婉婉站着什么也不说,从她失神的眼睛和颤抖的嘴唇可以看出心灵上的震动来。邓红菱也很紧张,她从来没有看见过郭松龄发这么大的火,他以往心情不好的时候,一般表现为寡言少语。
“你说呀!说呀!这个男人是谁?你们为什么要干这些丑事?说呀!干了丑事,还把这些乱七八糟的照片塞到我车里,是什么意思?有什么目的?”
他忽然想到了另一个问题,便放低了声音问:“你怀上的孩子,到底是谁的?”声音虽然放低了,但是尤其显得颤栗而且悲沉。
婉婉“哇”的一声哭出来了,疯了一样地说:“你别问了,别问了!我们离婚吧!”说完,踉踉跄跄地抢进卧室,放声大哭,声音悲凄惨烈,令人不忍卒听。
郭松龄也热泪纵横,他把脸偏到一边,手指着照片说:“烧,烧掉,烧掉。”
邓红菱烧掉了照片,走出来的时候,郭松龄已经不见了。家庭骤起变故,邓红菱不知道等待自己的下一步是什么,惊疑不定,无心睡觉,也无心去看婉婉,坐在沙发上想心事。
郭松龄直到凌晨两点才回来。他“啪”的一声把钥匙丢在茶几上,随着钥匙掉下来,飘飘悠悠坠落在地上的,还有一张酒后驾车的两百元罚款收据。他看见邓红菱在看电视,便问:“你婉婉姐呢?”
“她……睡了吧。”
郭松龄也没有说什么,到楼上的客房睡了。第二天,婉婉因为坚决要离婚,邓红菱一直劝她,可是她的主意好像钢铁凝固了一样,怎么也劝不回来。邓红菱来到西安以后,早先做过四户人家的保姆,那些人家要么主人无端找刺,要么男主人是色狼,邓红菱的存在引起家庭纠纷,要么主人夫妻间有矛盾,都把气往保姆身上发,并且都给她下达了监视对方的任务。所以她每一家都只干了不足月就辞掉了。郭松龄夫妻对她很好,她知道难得找到这样的人家,舍不得离开他们。另外,她还防备着婉婉离婚以后缠着郁青,她知道郁青不会娶婉婉的,但是毕竟也麻烦。所以她总希望婉婉能改变主意,但是婉婉不听。
晚上郭松龄回来,照样醉得坐立不稳。他颓然坐下来,靠在沙发的后背上,下颌抵着前胸地垂着头沉默良久,说:“红菱,你把钥匙拿去,把车打开,我的皮包,拿回来。”

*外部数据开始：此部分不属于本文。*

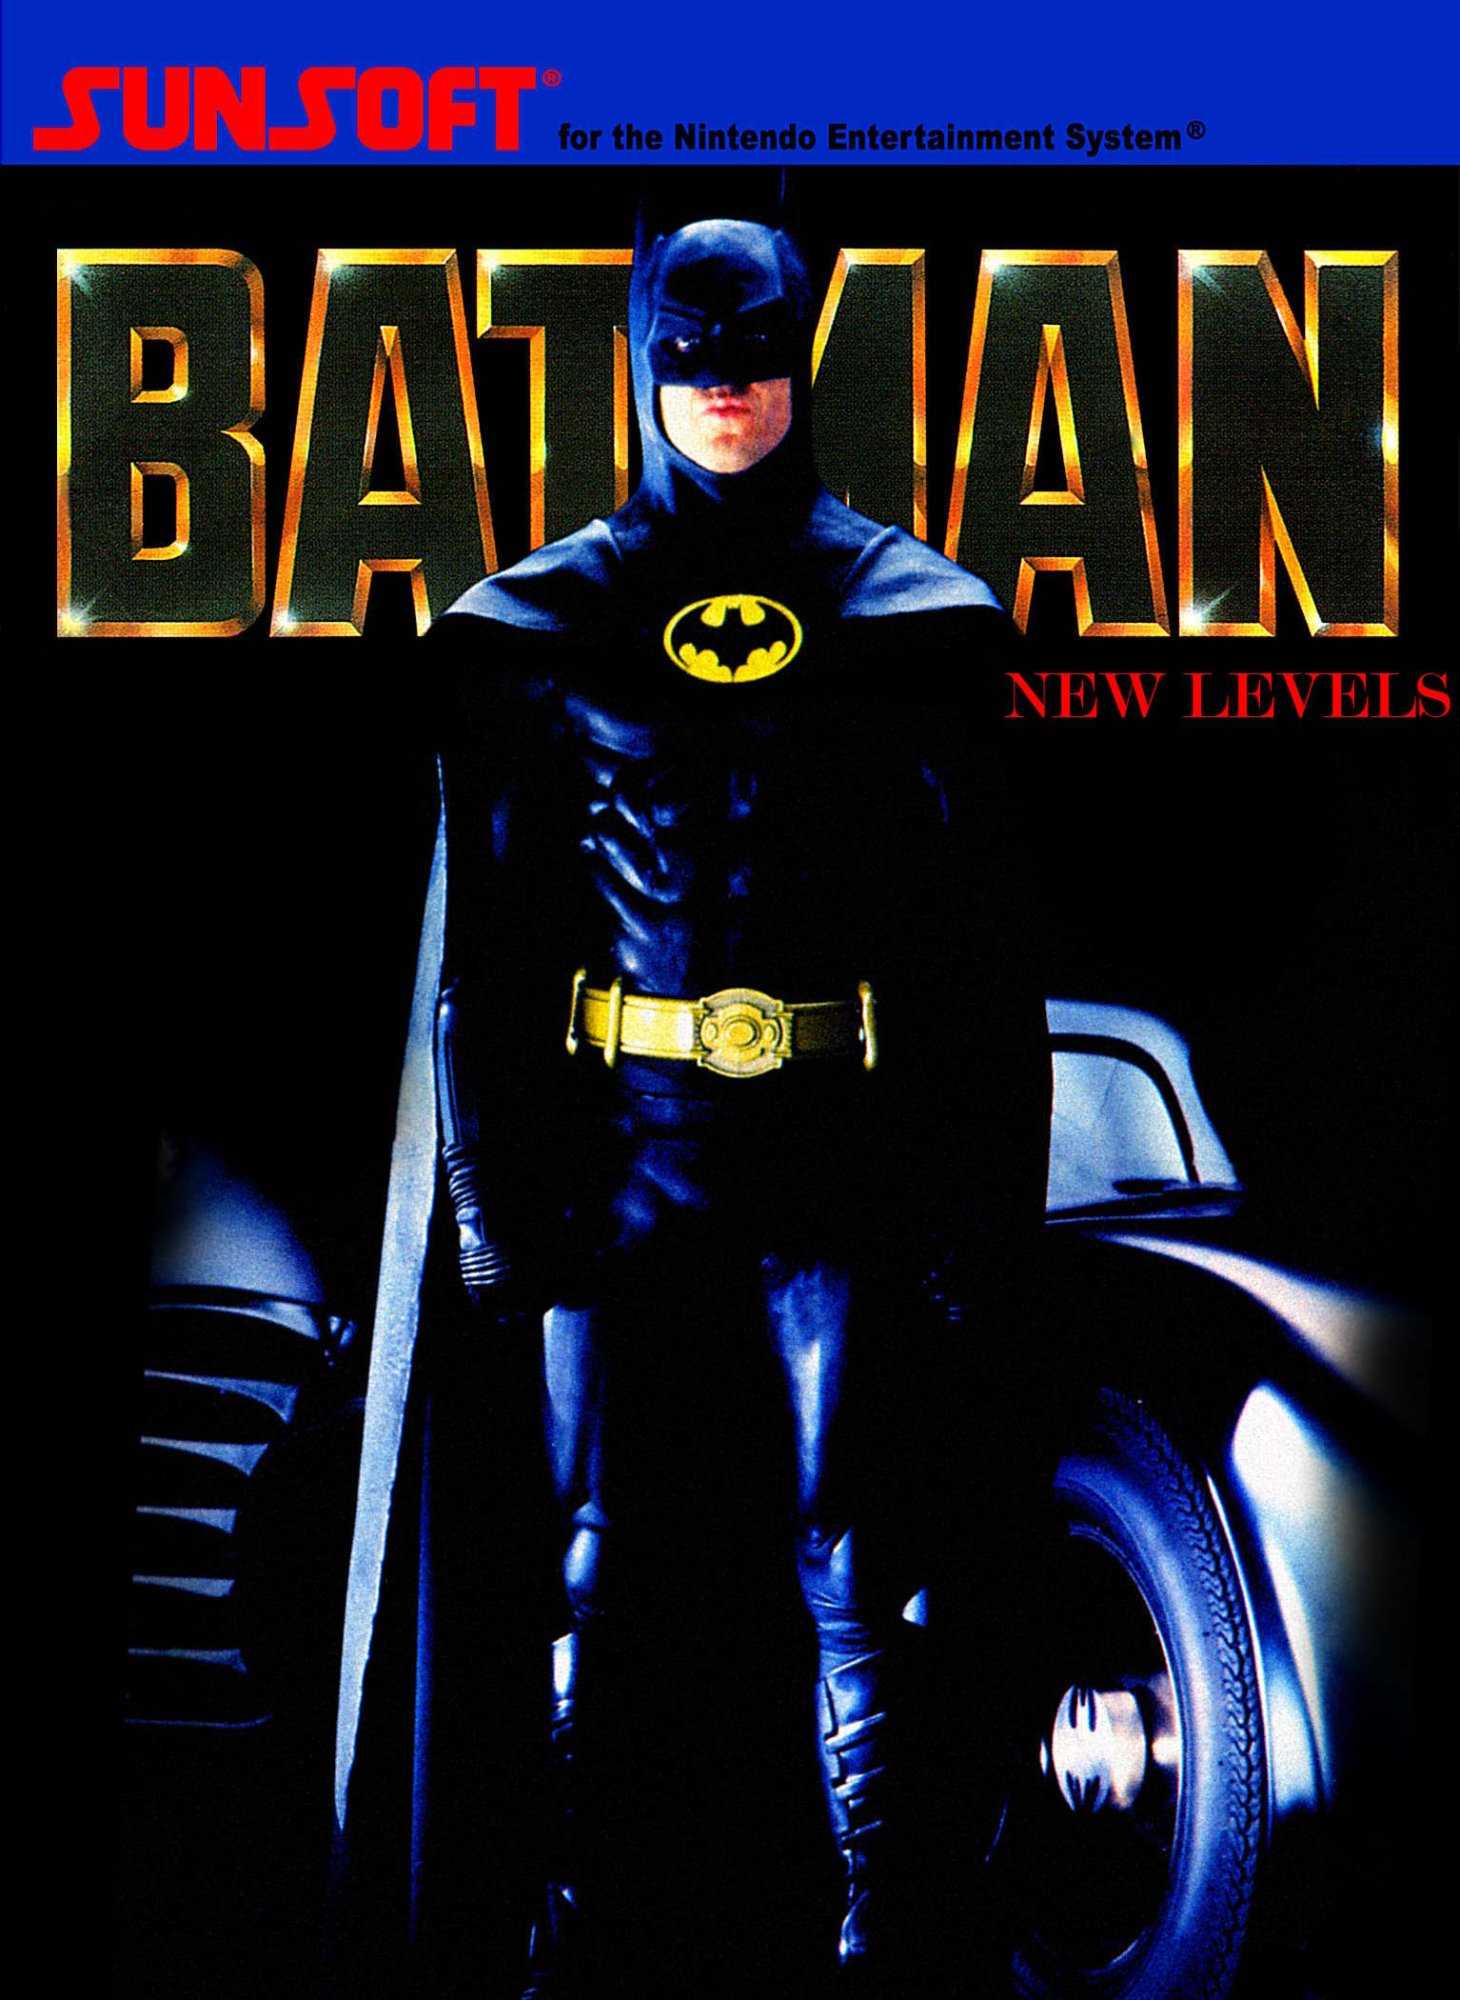 Batman: The New Levels

邓红菱依言拿上钥匙去了车库,发现车门根本就没有锁,幸好皮包还在。她拿出皮包,锁好车门,也锁好车库门,走回来把皮包递给郭松龄。郭松龄打开皮包,拿出一叠钱来数数,把两三张一百元的揉回皮包里去,其他的递给邓红菱,“拿着,”他说,“这是六千,我现在手边没有多的了。”
“给我干什么?”
“你很好,你跟了我们一年多了,这个家多亏了你,干干净净的,整整齐齐的。我们也算是一家人了。现在这个家破了,你无法在这里呆了,”他说到这里打了一个嗝,“你也很不容易的,十七八岁,别人家这么大的孩子都还被父母逼着念书呢。这是我的一点心意,你毕竟叫了我一年多的松龄哥。你拿去,看能做点什么……你聪明,知道怎么用的,或者存起来,好好过下去。以后遇到什么事情需要帮助的,打电话。”
“松龄哥……”
“我是决定要离婚了。唉,你也有些需要改正的地方,人生的道路,你好好走吧。”
邓红菱哭着说:“你们不可以不离婚吗?”
“离吧,”郭松龄流着泪说,“她也要离,我也觉得没有什么想头了。这是没有办法的。你把楼上的床给我整理一下。”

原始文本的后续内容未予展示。